The consolidation has centralized responsibility for animal care and use in the Provost's Office, although Bailey's center of operations, the Center for Research Animal Resources, still is physically located in the College of Veterinary Medicine and is staffed with specially trained and experienced veterinarians and technicians. The facilities for housing laboratory animals have been reduced to 116 from more than 140.

"As research projects start up and are concluded, the needs of the university constantly change," said Bailey, a veterinarian specializing in laboratory animal medicine and science. "Some of our facilities were underutilized or were being used for different purposes than their original design called for -- and some could never be brought up to the high standards that are required for animal facilities -- so we decommissioned some, will renovate others and have embarked on some new construction projects."

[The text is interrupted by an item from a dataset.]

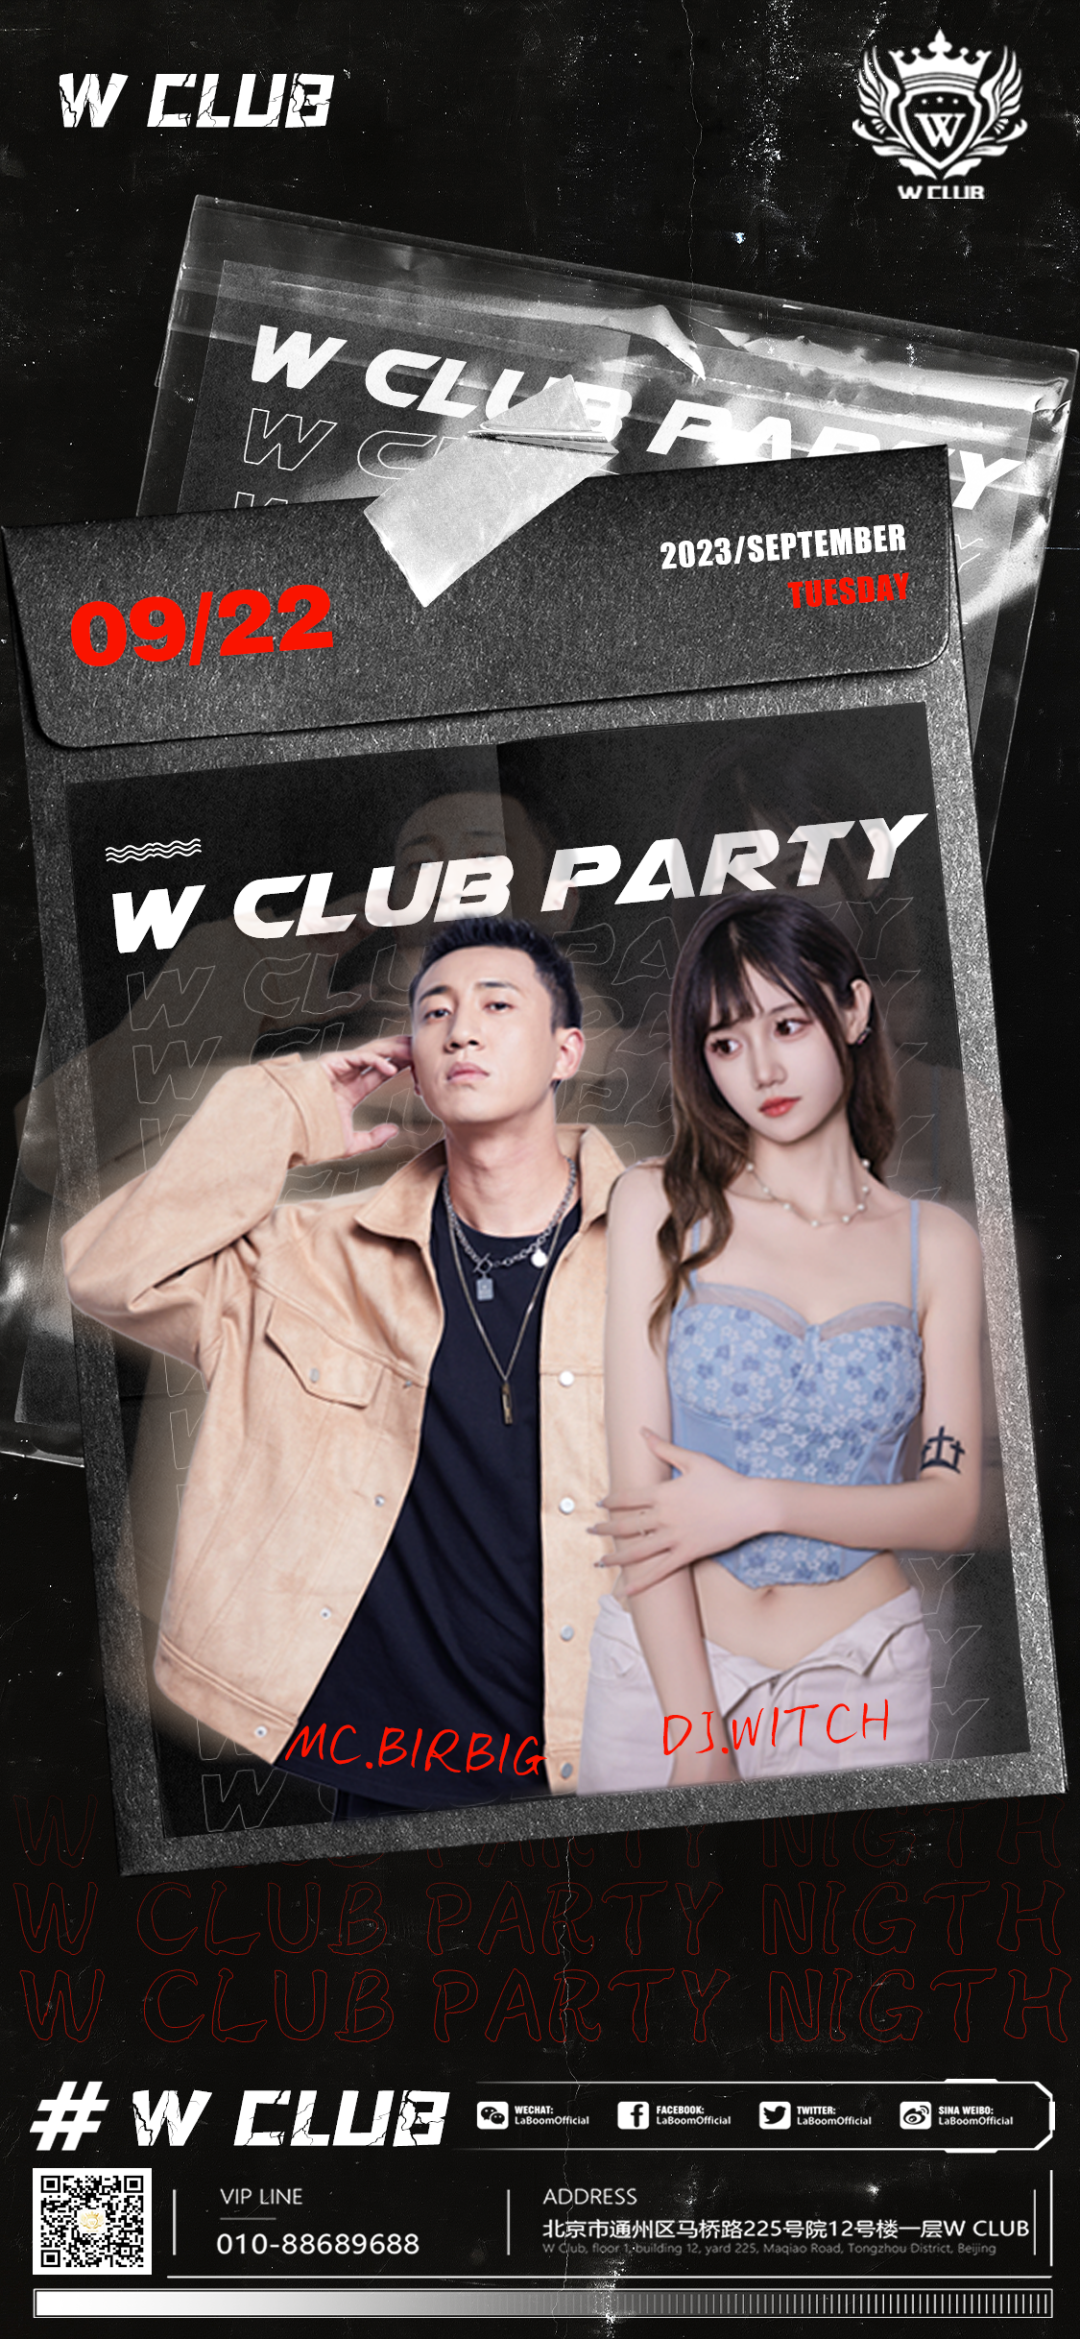 北京W-CLUB9月22日/DJ- WITCH MC-BIRBIG重磅嘉宾来袭 掀起W-CLUB超强音浪-北京W酒吧/WCLUB

For example, among the 31 sites across New York state where Cornell keeps laboratory animals, the Department of Natural Resources' Shackleton Point field station on Oneida Lake replaced its old fish facility. The Corson-Mudd complex, home to research birds, mammals, fish, reptiles and amphibians, is undergoing a $4 million renovation of spaces used by the departments of Ecology and Evolutionary Biology and of Neurobiology and Behavior. Some $8 million in renovations and upgrades are planned for Uris Hall, where Department of Psychology researchers study birds and mammals.

The Division of Nutritional Sciences will get new animal facilities, although the site and the budget have yet to be determined. In the veterinary college, dogs at the James A. Baker Institute for Animal Health have new quarters, and major renovations are planned to the Small Animal Holding Facility.

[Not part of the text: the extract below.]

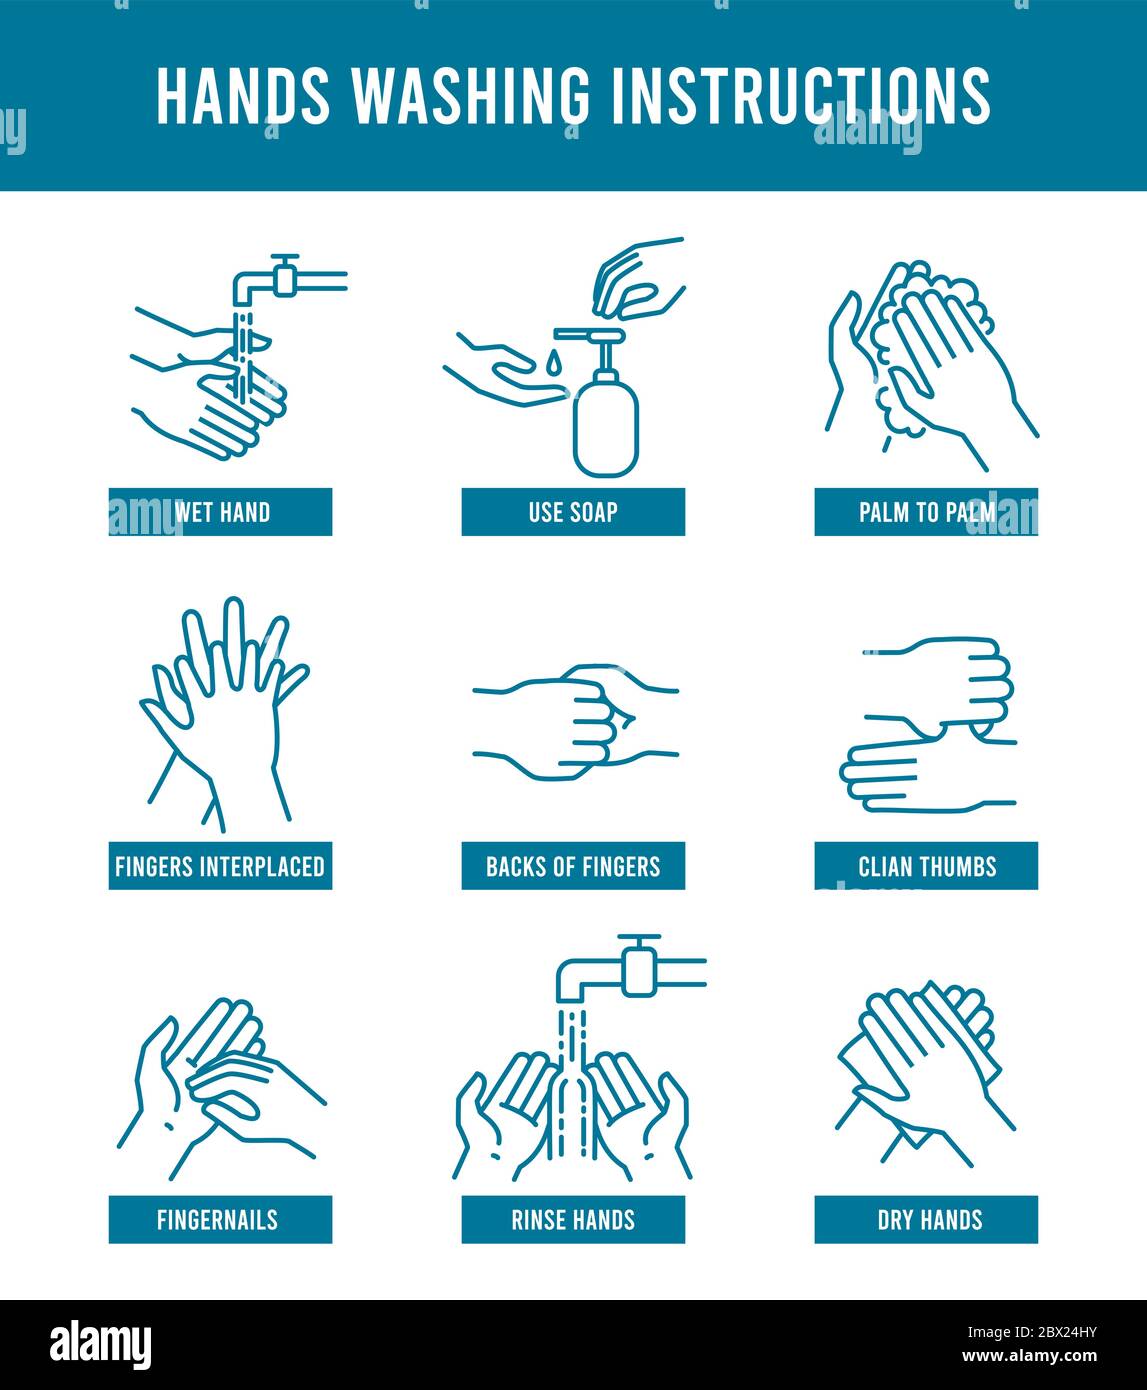 Instructions de lavage des mains. Tutoriel étape par étape pour se laver les mains sales. Protection de la santé, prévention des virus et hygiène des mains illustration vectorielle Illustration de Vecteur

But the biggest changes in Cornell's capacity for housing animals are still to come, Adler noted. He points to the $140 million Life Sciences Technology Building, set for construction on the south side of Tower Road, and the $55 million East Campus Research Facility, sited near the veterinary college. Planned completion for both buildings is in 2007. These facilities will boost Cornell's "mouse house" capacity to more than 80,000 transgenic mice for genomics-related research. About $16 million in the total cost of the life sciences building will go for animal facilities -- in a structure that also will feature classroom, laboratory and offices spaces -- whereas the east campus facility will be all about animals.

Cornell people, too, are seeing changes. Some of the department technicians who care for animals will become members of the Center for Research Animal Resources, a move that will standardize training received by all the university's animal caretakers, provide operational efficiencies and enhance flexibility as research program needs change.

As animal-holding spaces are renovated or rebuilt, research principal investigators will be expected to pay per-diem charges for animal care, Adler advised. The per-diem requirement is being phased in, he said, to give principal investigators enough lead time to include the additional expense in future research grants.